Об этом периоде свидетельствует Амарнский архив, в котором найдены письма в Египет угаритских царей Аммистамру II, Никмадду II и его супруги. Город упоминается в топографическом перечня Аменхотепа III ещё как египетский вассал, но уже вскоре вошёл в состав Хеттского государства. Угарит должен был платить хеттам дань и снабжать их войсками. Войска Угарита вместе с хеттами подавляли подстрекаемое египтянами антихеттское восстание царств Мукиш (Алалах), Нухашше и Ния.
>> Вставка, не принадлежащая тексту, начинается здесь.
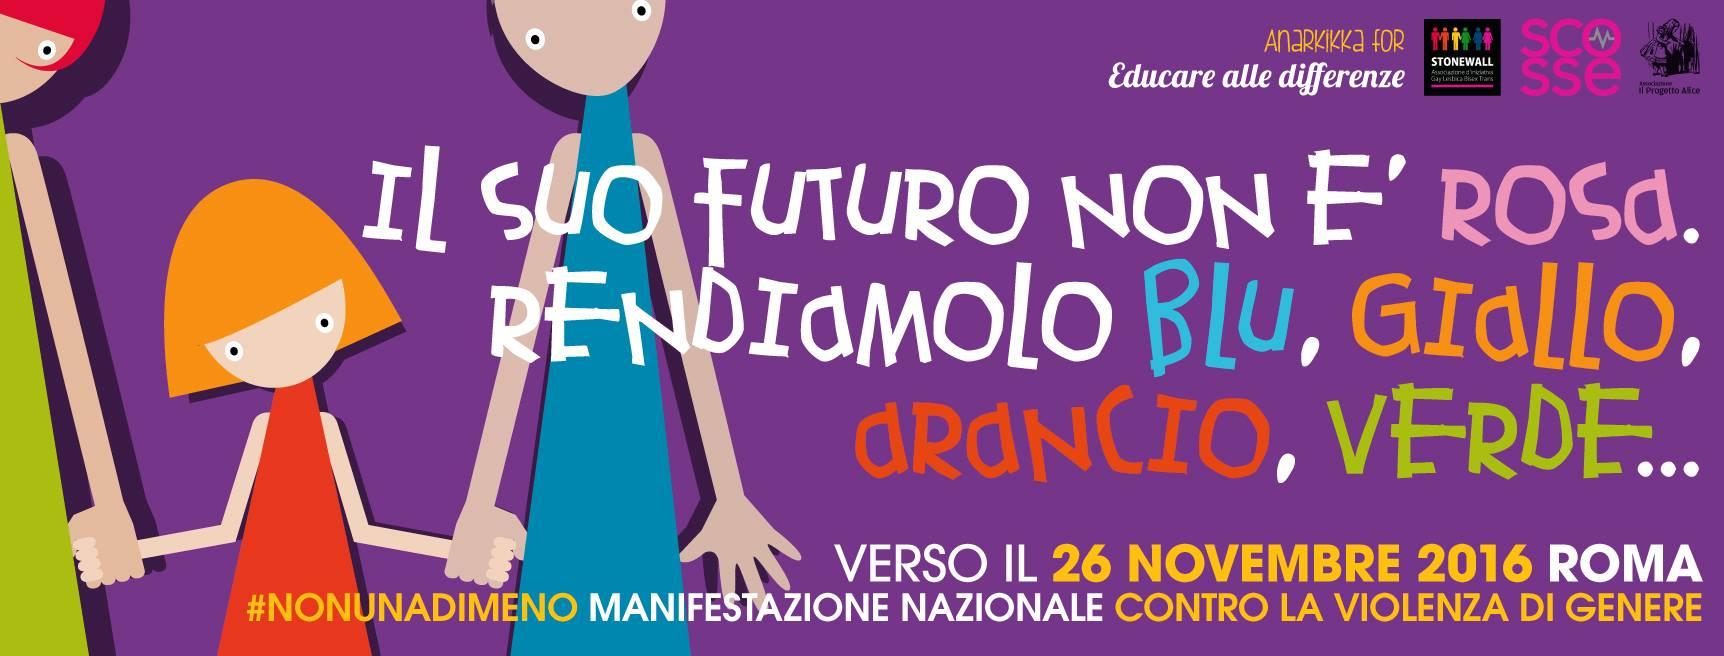 Manifestazione-26-novembre
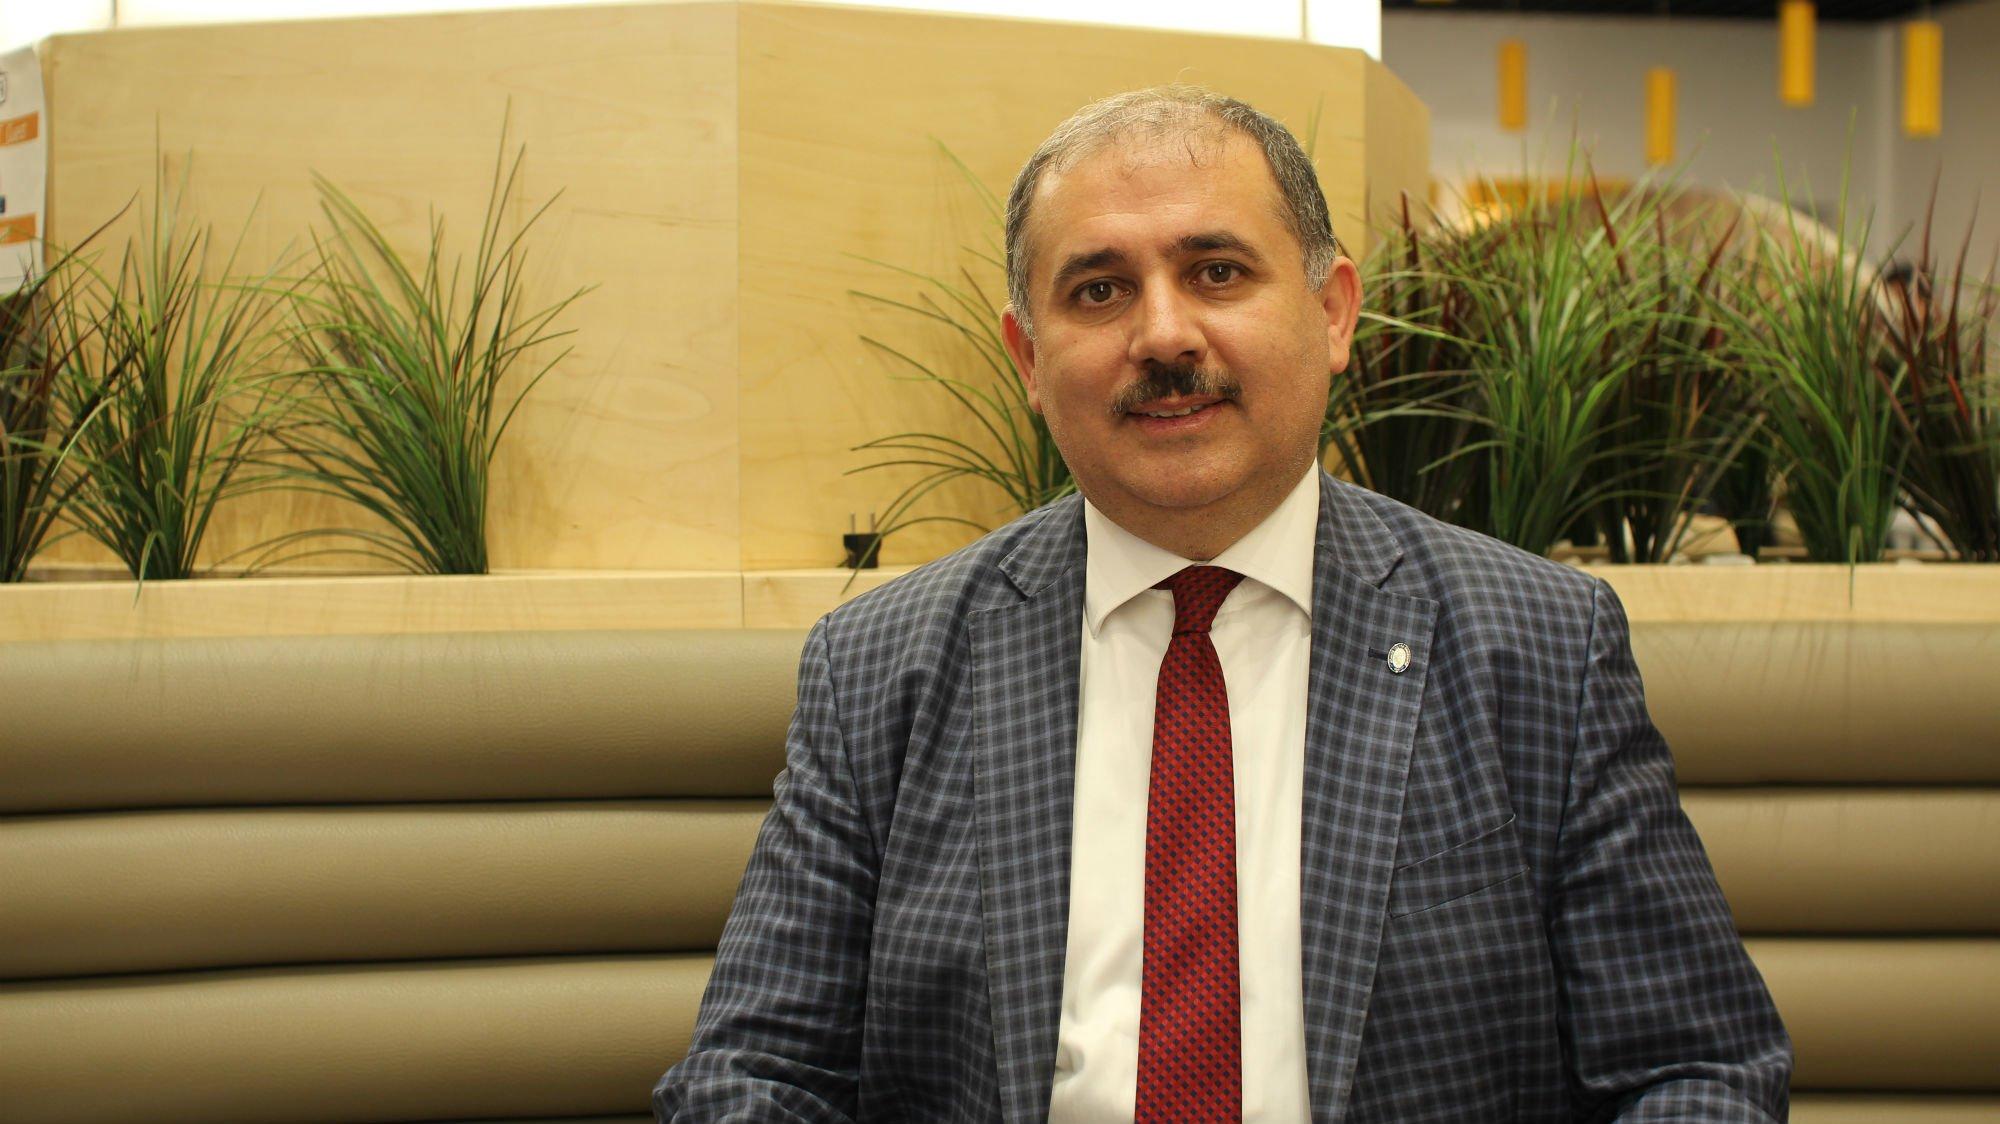 MEMSİS Çevre Teknolojileri Araştırma Geliştirme Genel Müdürü Prof. Dr. İsmail Koyuncu açıkladı

За это хеттский царь Суппилулиума I, победивший митаннийского царя Тушратту и установивший контроль над северной Сирией, даровал Угариту значительную часть земель Мукиша.

Впрочем, при фараоне Хоремхебе (1319—1292 до н. э.) Угарит, похоже, был возвращён в сферу египетского влияния, но временно и в последний раз. Угаритские войска входили в хеттскую коалицию, сражавшуюся против Рамсеса II в битве при Кадеше в 1274 году до н. э. В XIII веке до нашей эры Угарит был одним из главных экономических центров Хатти и оказывал сюзерену финансовую помощь в борьбе с Ассирией, а во второй половине столетия — и непосредственно военную.

Уничтожение города: «народы моря» и землетрясение

Когда вторгшиеся «народы моря» начали опустошать Анатолию (центр Турции) и северную часть Сирии, хетты использовали для своих военных целей войско и флот угаритского царя Никмадду III. Его преемник Аммурапи III обнажал критическую ситуацию, в которой оказалось царство, в своих письмах к царю Аласии (Кипра). Так, Аммурапи писал, что поскольку угаритские войска и колесницы находятся в хеттских землях в центре Малой Азии, а флот — в Лукку, то город лишился военной защиты. К тому же, незадолго (около 1200 года до нашей эры) перед непосредственным нападением «народов моря» город пострадал от сильного землетрясения; в результате, Угарит стал беззащитным и, не дождавшись внешней помощи, был полностью разрушен нашествием в конце бронзового века.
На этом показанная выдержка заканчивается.